# [The data]
◇ ◇ ◇ ◇
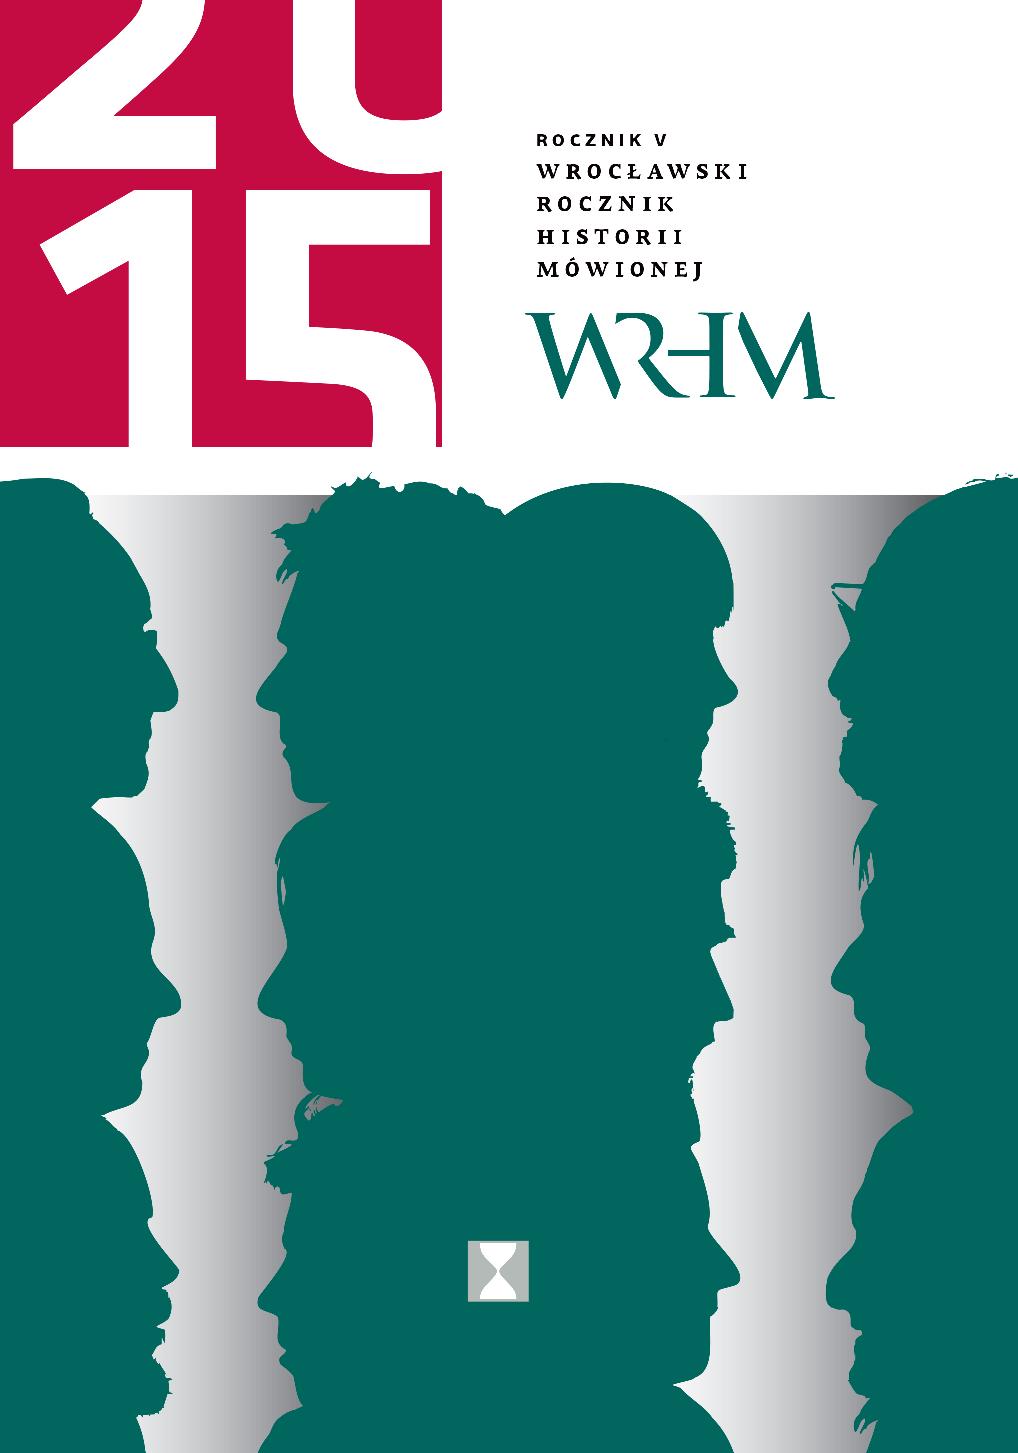 "Akademicki Wrocław - powojenna tożsamość miasta w relacjach profesorów" - sprawozdanie z dyskusji, Wrocław, 26 listopada 2015 r. Cover Image
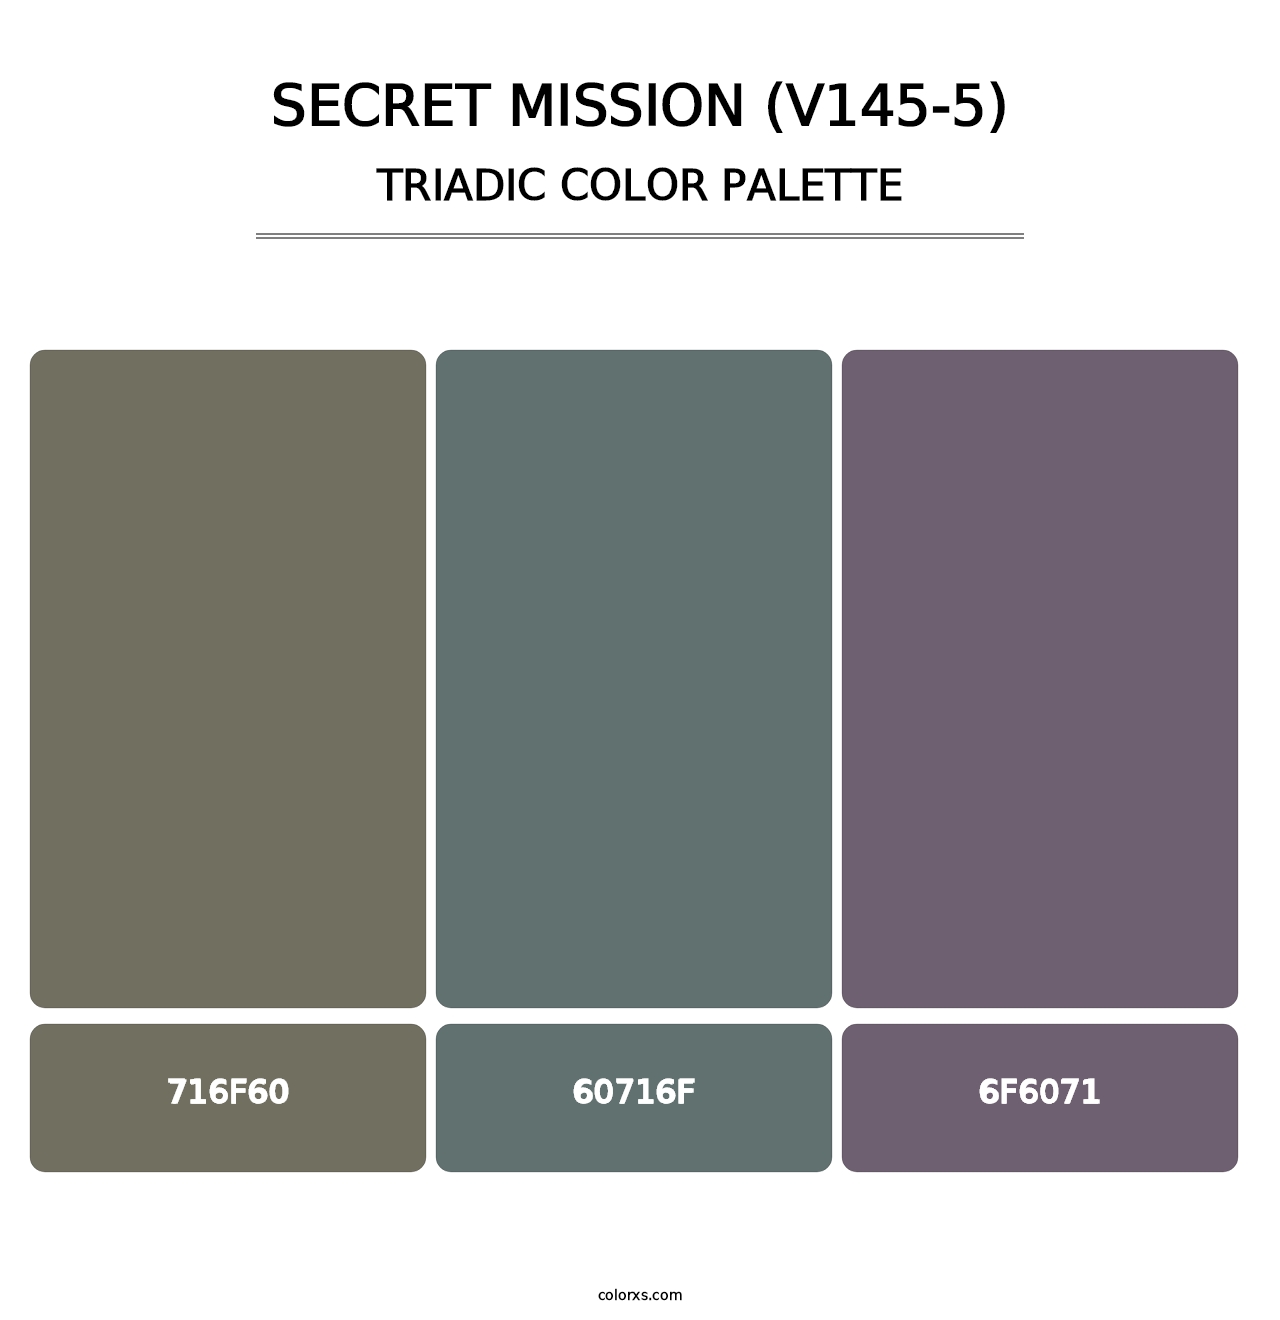 Secret Mission (V145-5) - Triadic Color Palette
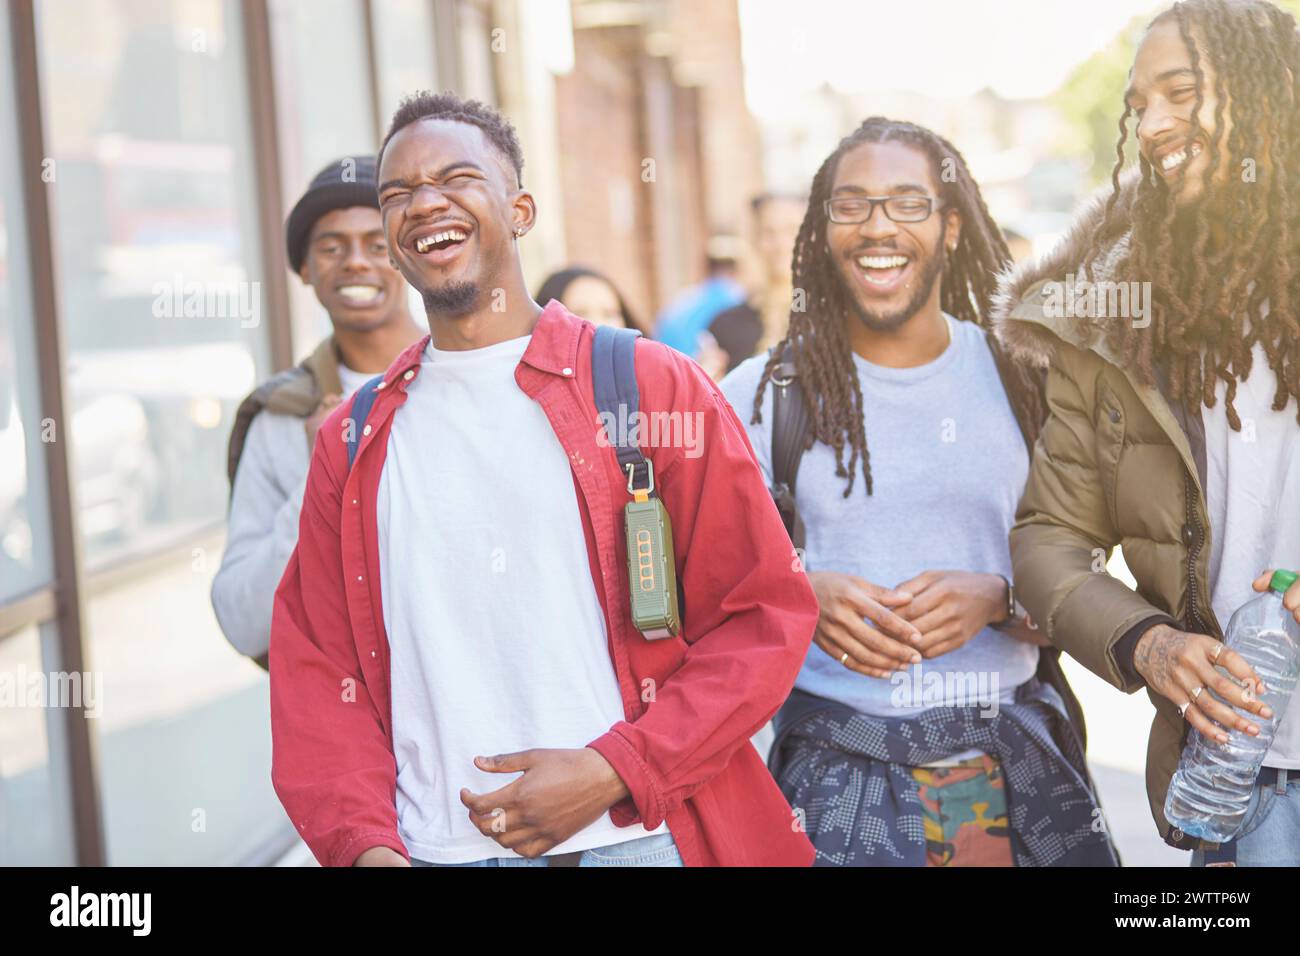 Gruppo di giovani amici felici che ridono in una strada cittadina Foto Stock
◇ ◇ ◇ ◇
# [Task instructions]
Would you copy out all the data exactly, without the images?

# [Response area]
 "Akademicki Wrocław - powojenna tożsamość miasta w relacjach profesorów" - sprawozdanie z dyskusji, Wrocław, 26 listopada 2015 r. Cover Image
 Secret Mission (V145-5) - Triadic Color Palette
 Gruppo di giovani amici felici che ridono in una strada cittadina Foto Stock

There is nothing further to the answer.